Папа раскрыл входную дверь, прошел широким шагом по коридору.
Вот и комната. Не сняв пальто, он торопливо подошел к старому дедушкиному шкафу, распахнул дверцу и схватился обеими руками за старенькое платье мамы Тарасика. (Будто только того и ждал, чтобы пристроить Тарасика в детский сад и свободно хвататься за старое мамино платье).
Папа замер. Прижался к платью щекой, нырнул в него. Может, он даже поцеловал бы платье, но это уж было бы чересчур, до такого он себя допустить не мог.

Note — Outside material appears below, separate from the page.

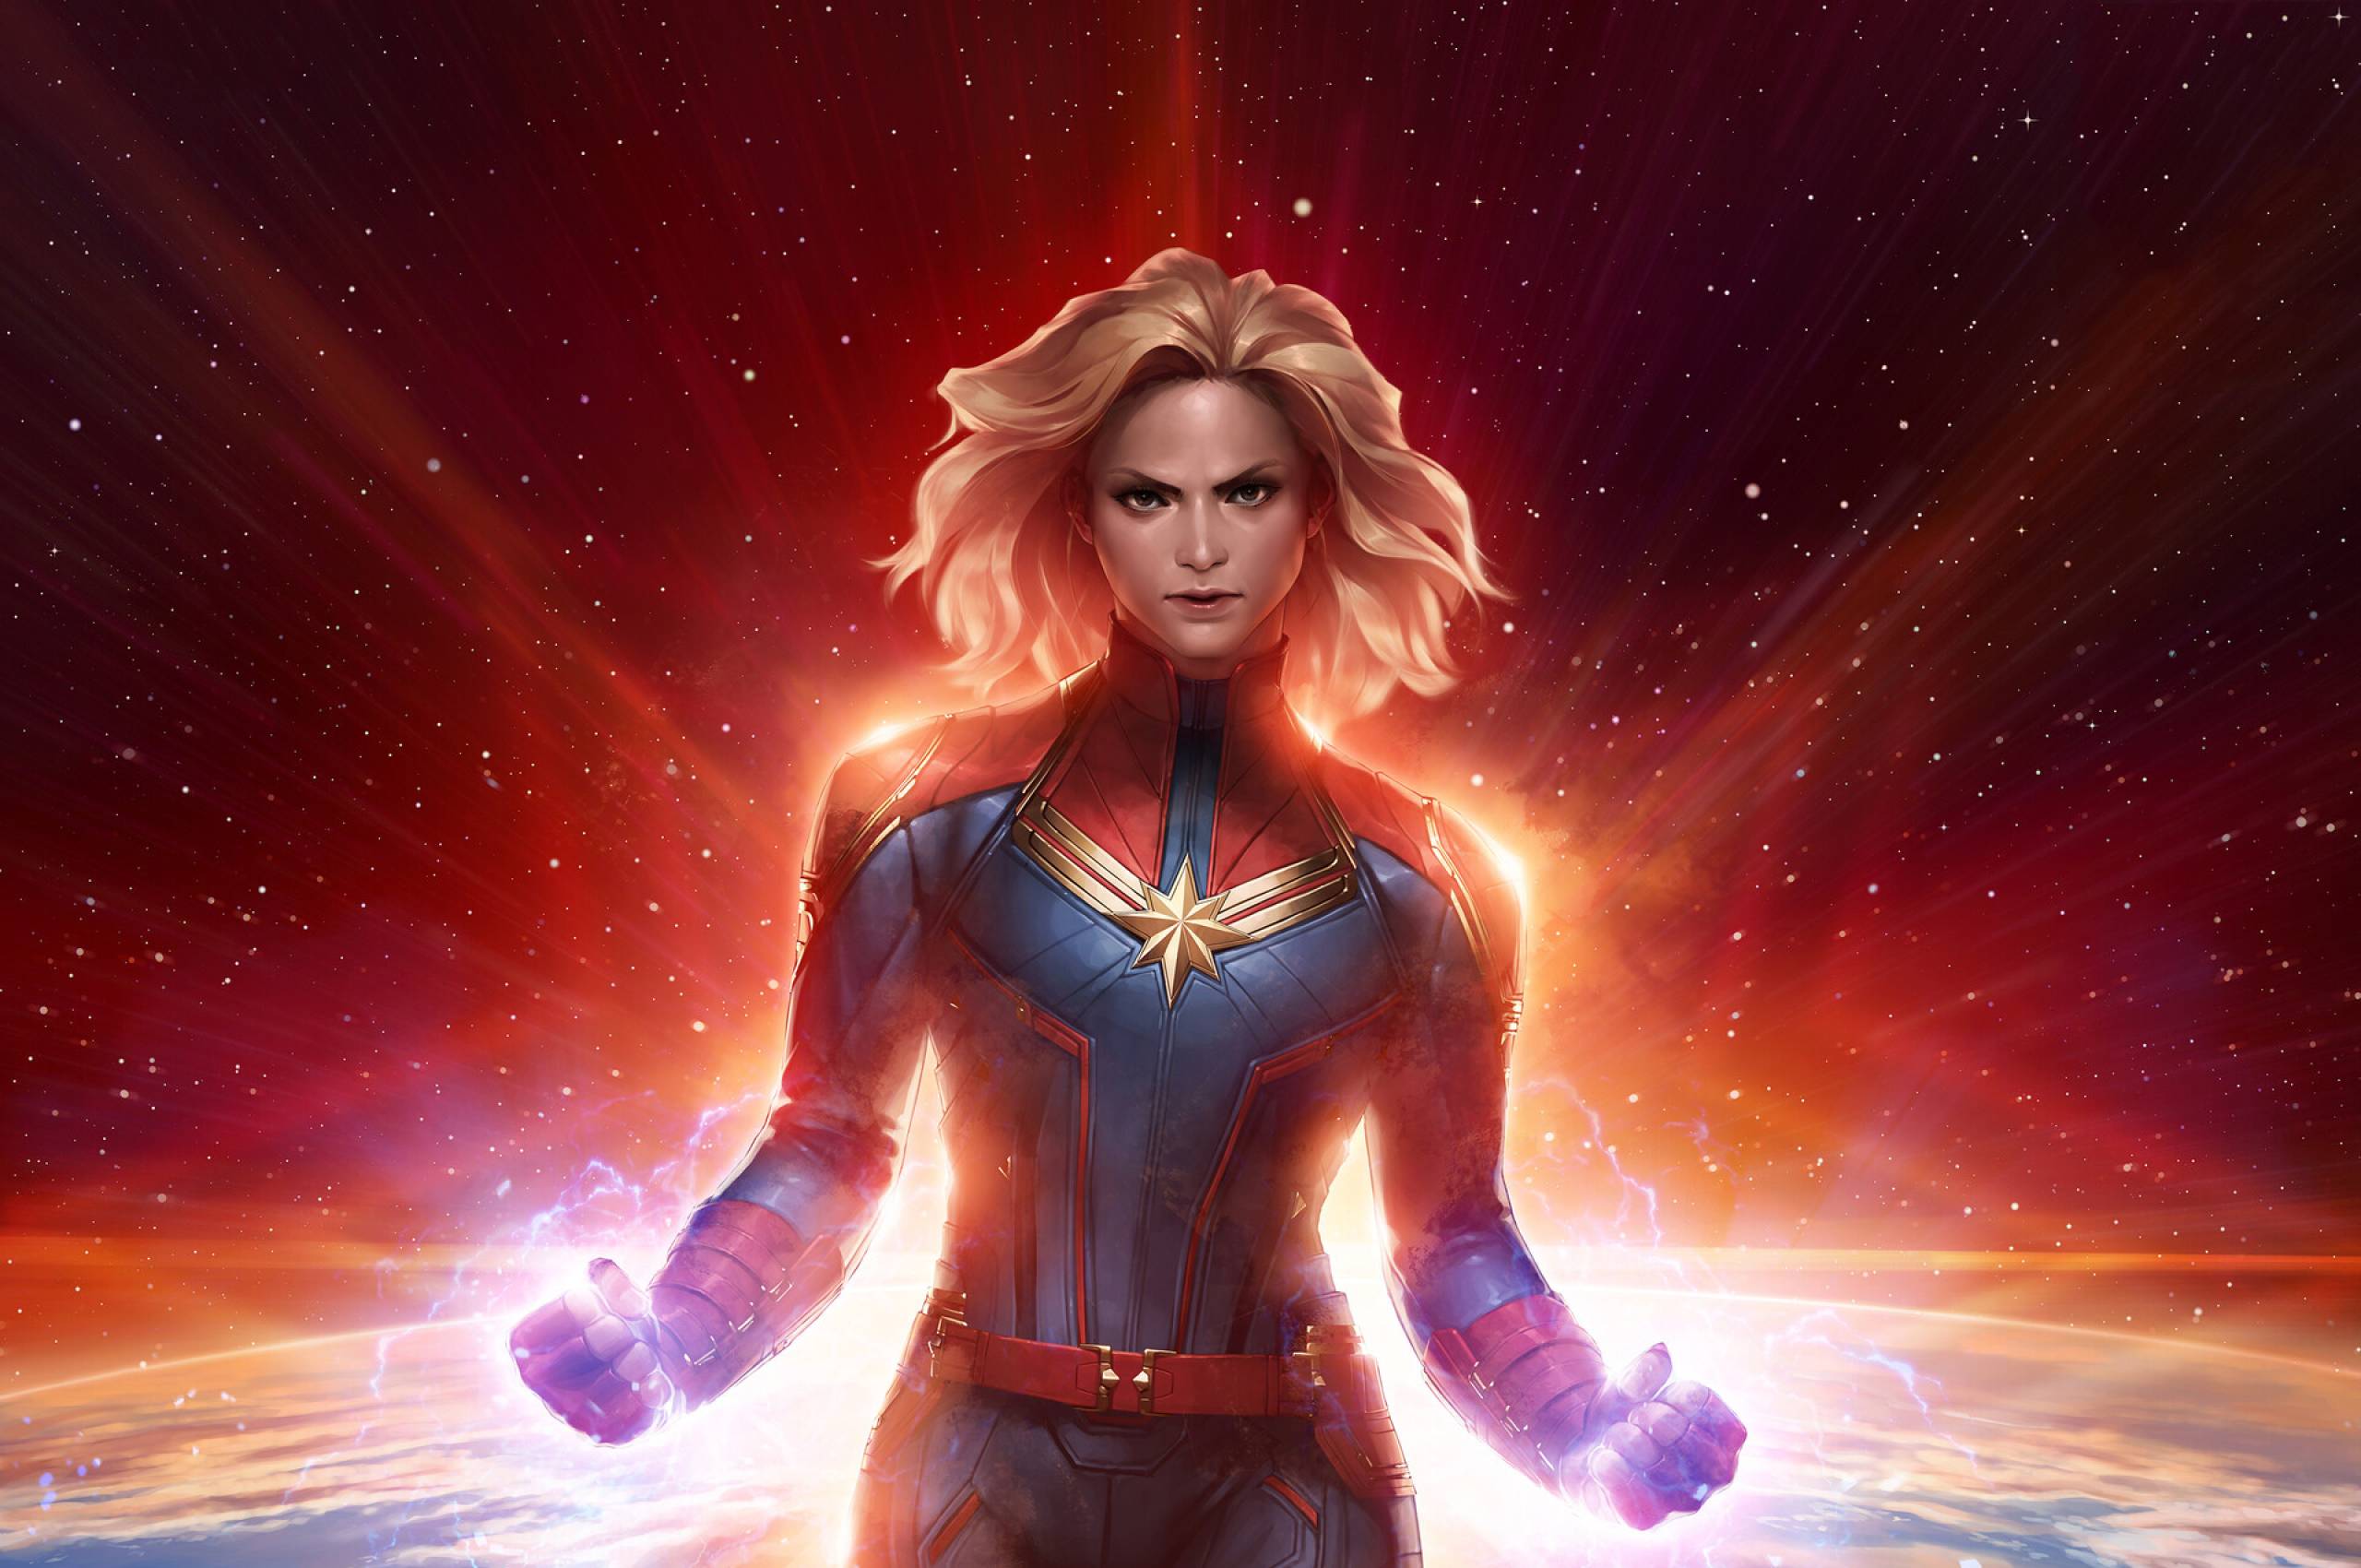 Marvel's captain america civil war 2016 hd wallpaper - Marvel

Мамино платье, за которое обеими руками держался папа, было старое, штапельное, чуть выгоревшее, голубое в желтых цветочках. Оно было мягкое и от частой стирки сделалось на ощупь как шелковое, только еще шелковистее шелкового. В старом дедушкином шкафу, который дедушка Искра подарил папе и маме, висело всего два платья. Папа много бы отдал, чтоб там висела целая дюжина платьев. Когда-нибудь он, может, накупит маме много разных красивых платьев — шерстяных и настоящих шелковых. Отрез бостона. И туфли: лаковые на каблуках. Но и это, старое, тоже очень нравилось папе Тарасика.
Мама носила его много лет подряд. Еще тогда, когда они ничего не знали про своего будущего Тарасика.
Платье было счастливое. Никакой работы оно не работало, не стирало, полов не мыло, не стряпало. Оно только и делало, что ездило за город, ходило в кино и сидело в кафе-мороженых. Платье вилось вокруг маминых ног, когда она танцевала. Маячило голубым огоньком из-под большущих часов на площади. Оно было одно на свете, единственное. Штапельное. В цветочках. Увидев издалека это платье, папа пускался рысью к большим часам. Когда он подхватывал маму под локти и подымал ее, широкая юбка платья взвивалась, взлетала. Когда он сажал ее себе на плечо, платье так щекотало щеку, что хотелось зажмуриться и вдавиться в него глазами, щеками и подбородком.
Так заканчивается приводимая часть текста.